Most of the original data had come from the FBI, who had been remarkably generous with details of past cases once they had realized she was happy to have the information stripped of personal details like names of victims and perpetrators. Fiona recognized that like most statistical analyses produced by psychologists, her database was at best only a partial snapshot of the whole, but it did give her some valuable insights into the nature of the crimes she was dealing with. Perhaps more importantly, it allowed her to say with some degree of certainty whether individual crimes were part of a series or likely to be the work of separate offenders.

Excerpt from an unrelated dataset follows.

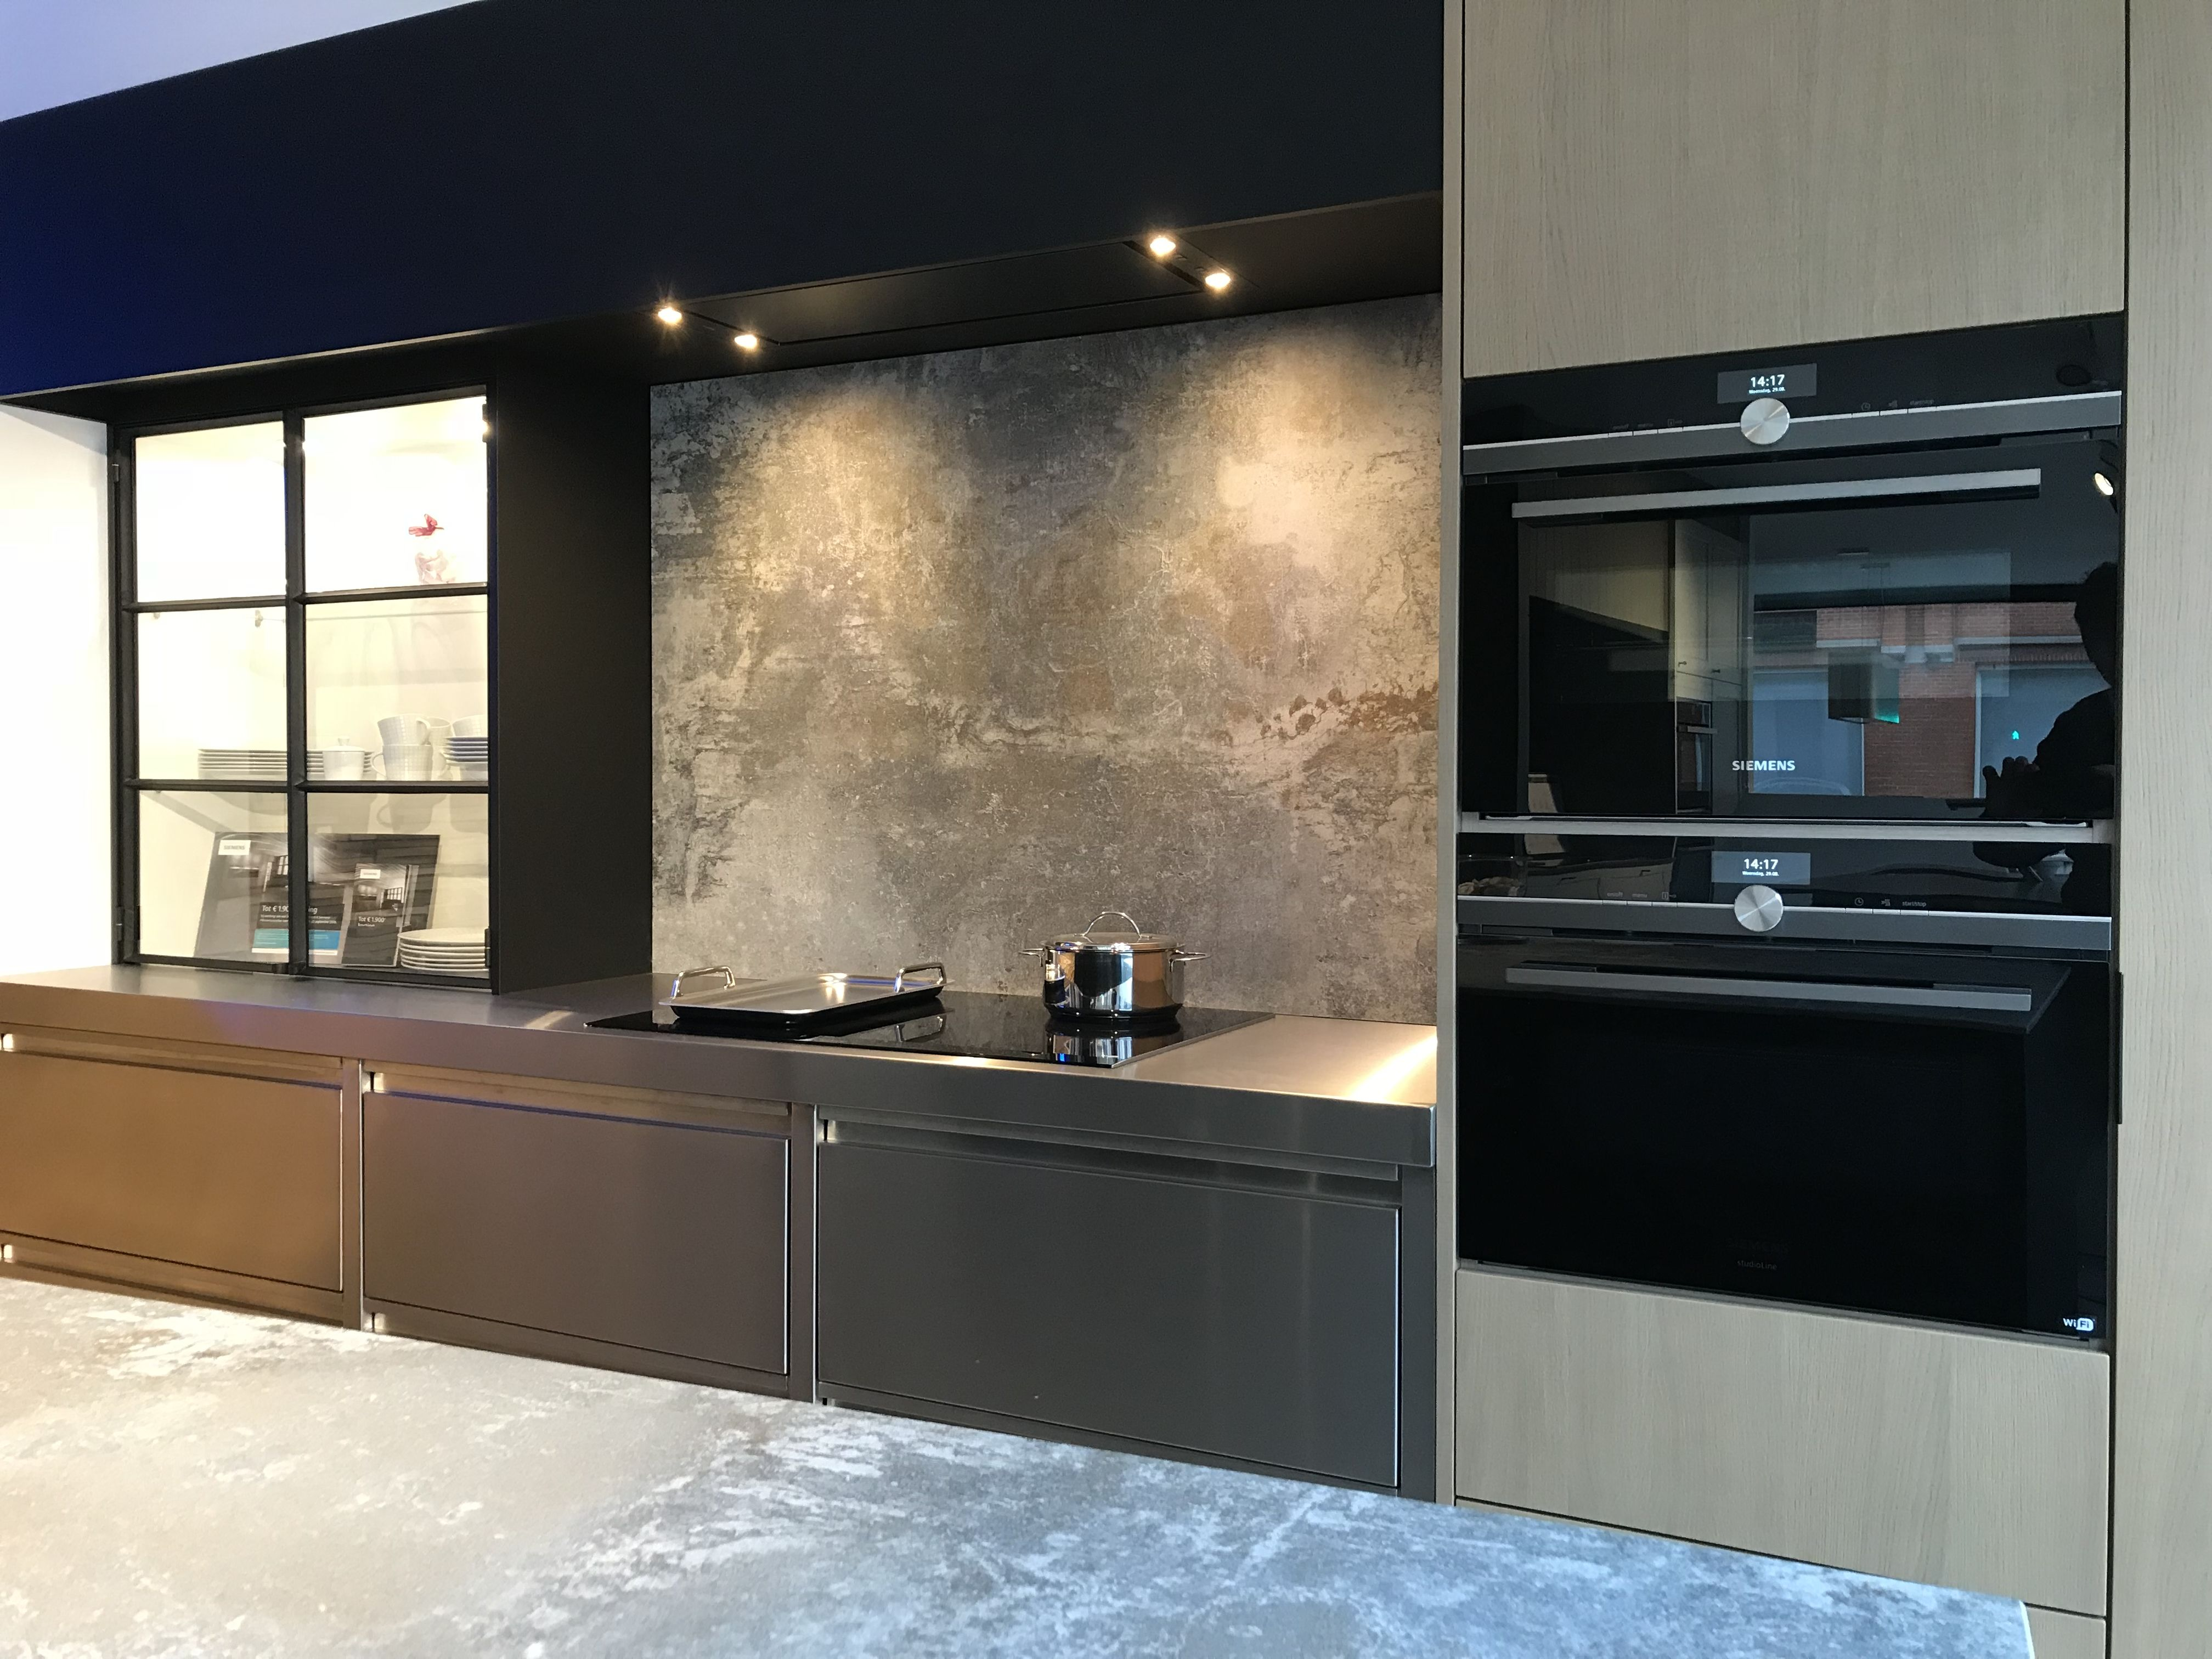 Inox Design Keukens : Combinaties maken die werken daar gaat het om inox mat
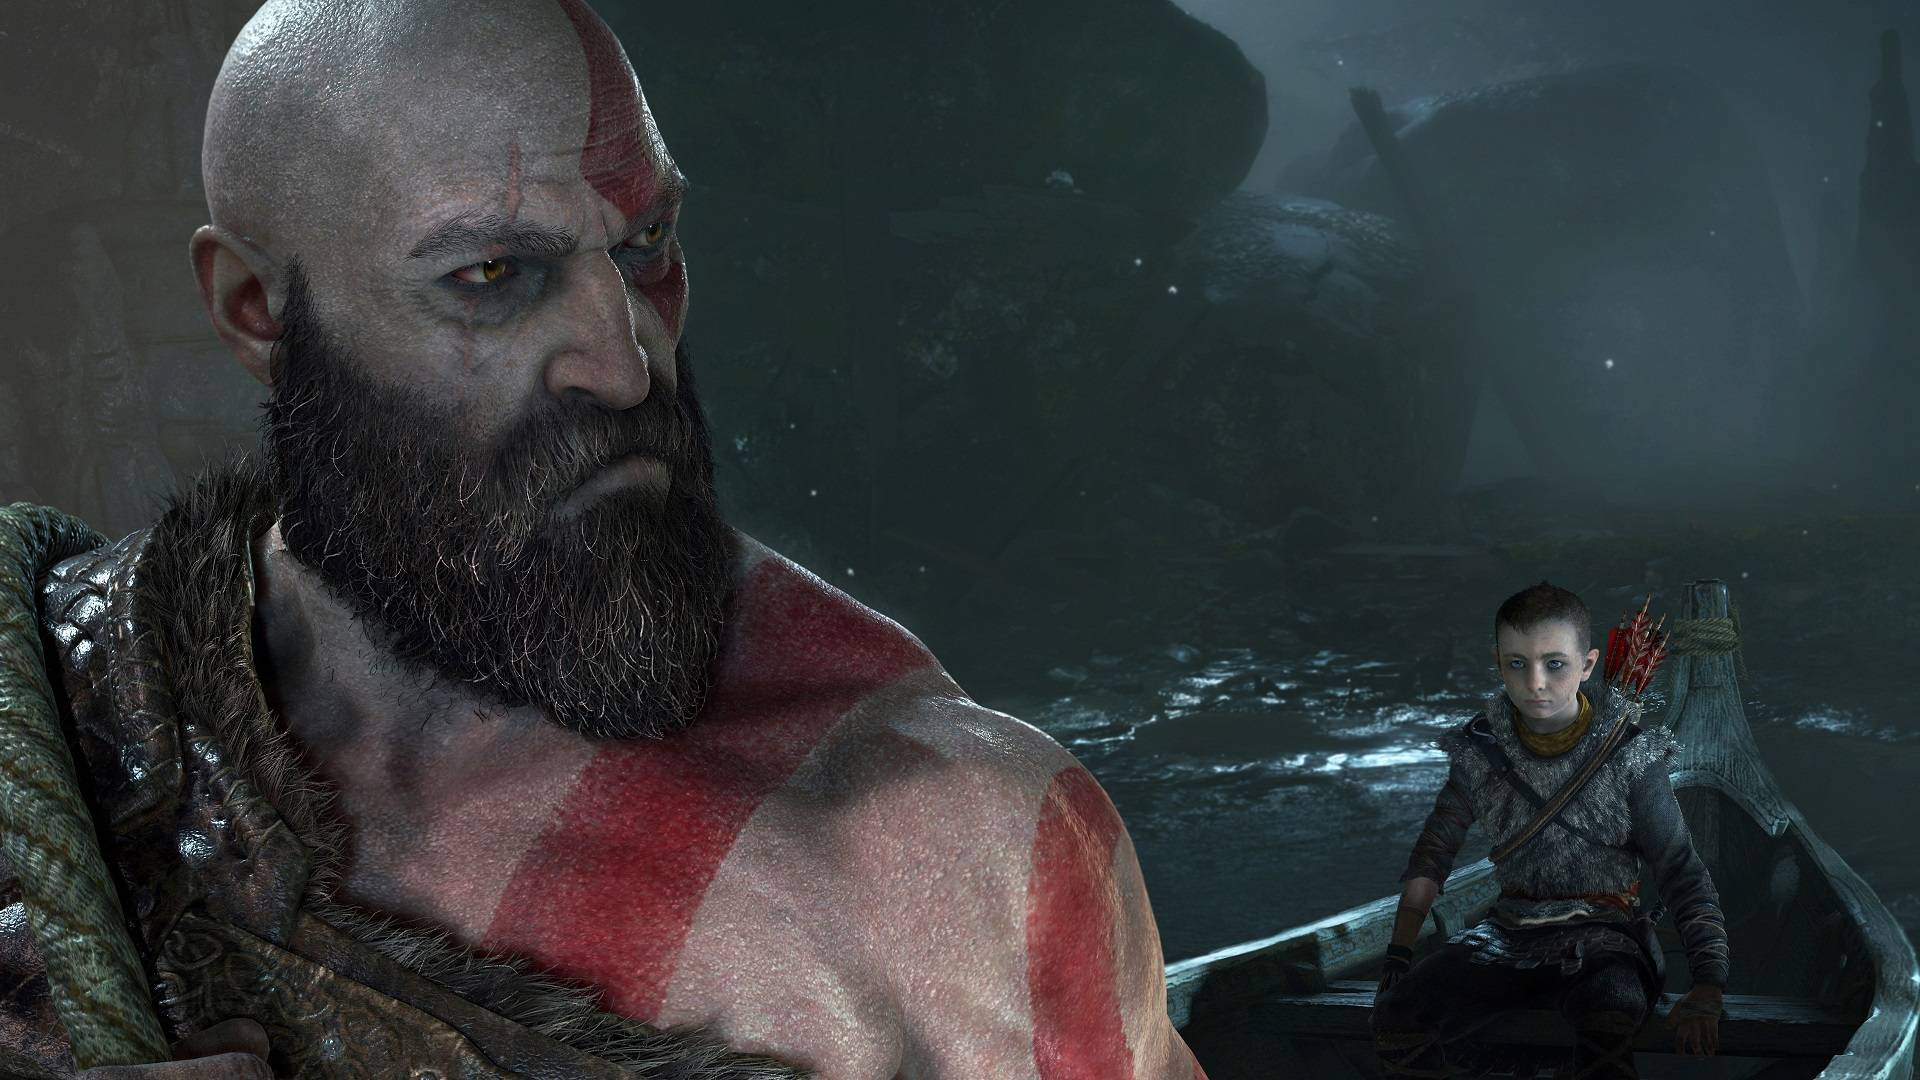 Neuer Darsteller für Kratos in God of War

By the end of her afternoon’s work, she had demonstrated empirically what the police had already decided on the basis of common sense and experience; the two murders were undoubtedly the work of one man. If that had been the only service she could have provided, there wouldn’t have been much point in her making the trip. But she was convinced that by analysing the data she already had, she could point the police towards other crimes the killer might have committed. With access to that information, she might finally be able to construct a useful geographical profile.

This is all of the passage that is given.